Elimination of Urine (page 843)

1. Ureters a. The ureter is a tubular organ that extends from each kidney to the urinary bladder.

b. Its wall has mucous, muscular, and fibrous layers.

c. Peristaltic waves in the ureter force urine to the bladder.

d. Obstruction in the ureter stimulates strong peristaltic waves and a reflex that decreases urine production.

2. Urinary bladder a. The urinary bladder is a distensible organ that stores urine and forces it into the urethra.

b. The openings for the ureters and urethra are located at the three angles of the trigone in the floor of the urinary bladder.

c. Muscle fibers in the wall form the detrusor muscle.

d. A portion of the detrusor muscle forms an internal urethral sphincter.

3. Urethra a. The urethra conveys urine from the bladder to the outside.

b. In females, it empties between the labia minora.

c. In males, it conveys products of reproductive organs as well as urine.

(1) Three portions of the male urethra are prostatic, membranous, and penile.

(2) The urethra empties at the tip of the penis.

4. Micturition a. Micturition is the process of expelling urine.

b. It involves contraction of the detrusor muscle and relaxation of the external urethral sphincter.

c. Micturition reflex

(1) Distension stimulates stretch receptors in the bladder wall.

(2) The micturition reflex center in the sacral portion of the spinal cord sends parasympathetic motor impulses to the detrusor muscle.

(3) As the bladder fills, its internal pressure increases, forcing the internal urethral sphincter open.

(4) A second reflex relaxes the external urethral sphincter, unless its contraction is voluntarily controlled.

(5) Nerve centers in the brain stem and cerebral cortex aid control of urination.

Life-Span Changes (page 848)

Distinctive changes occur in the kidneys, ureters, and urethra with age, but nephrons are so numerous that a healthy person is usually unaware of kidney shrinkage and slowed cleansing of the blood.

1. With age, the kidneys appear grainy and scarred.

2. GFR drops significantly with age as glomeruli atrophy, fill with connective tissue, or unwind.

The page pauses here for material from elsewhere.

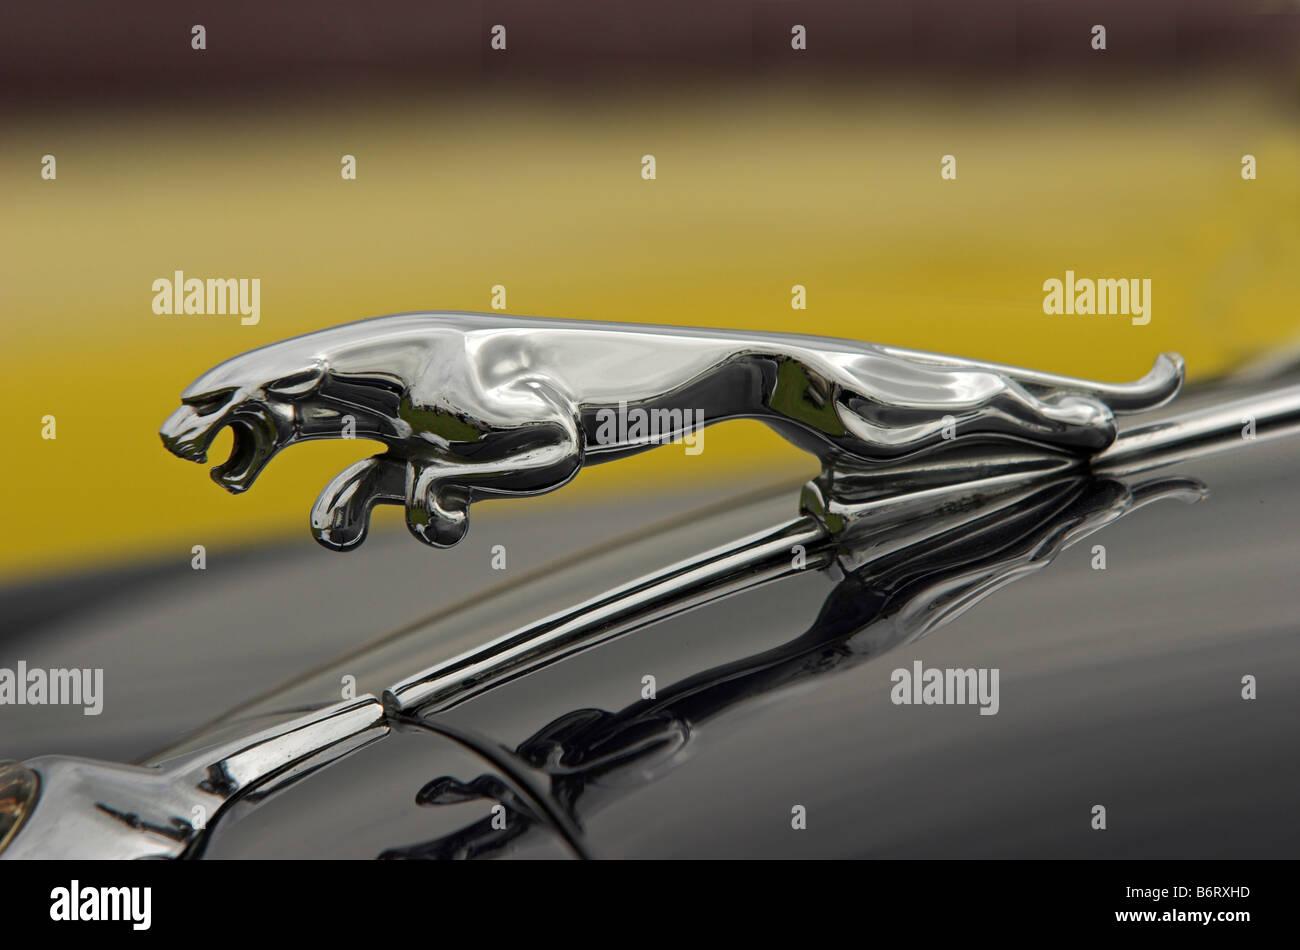 Mascote Jaguar Cars   Uma Vez Símbolo Da Engenharia Britânica Mas Agora  Propriedade Do Carro Indiano Tata Gigante

3. Renal tubules accumulate fat on their outsides and become asymmetric. Reabsorption and secretion may slow or become impaired. Drugs remain longer in the circulation as a person ages.

4. Changes in the circulatory system slow the rate of processing through the urinary system. The kidneys slow

Critical Thinking Questions in their response to changes, and are less efficient at activating vitamin D. 5. The bladder, ureters, and urethra lose elasticity, with effects on the urge and timing of urination.

1. If an infant is born with narrowed renal arteries, what effect would this condition have on the volume of urine produced? Explain your answer.

2. Why are people with nephrotic syndrome, in which plasma proteins are lost into the urine, more susceptible to infections?

3. If a patient who has had major abdominal surgery receives intravenous fluids equal to the volume of blood lost during surgery, would you expect the volume of urine produced to be greater or less than normal? Why?

4. If a physician prescribed oral penicillin therapy for a patient with an infection of the urinary bladder, how would you describe for the patient the route by which the drug would reach the bladder?

5. If the blood pressure of a patient who is in shock as a result of a severe injury decreases greatly, how would you expect the volume of urine to change? Why?

6. Inflammation of the urinary bladder is more common in women than in men. How might this observation be related to the anatomy of the female and male urethras?

Review Exercises

1. Name the organs of the urinary system, and list their general functions.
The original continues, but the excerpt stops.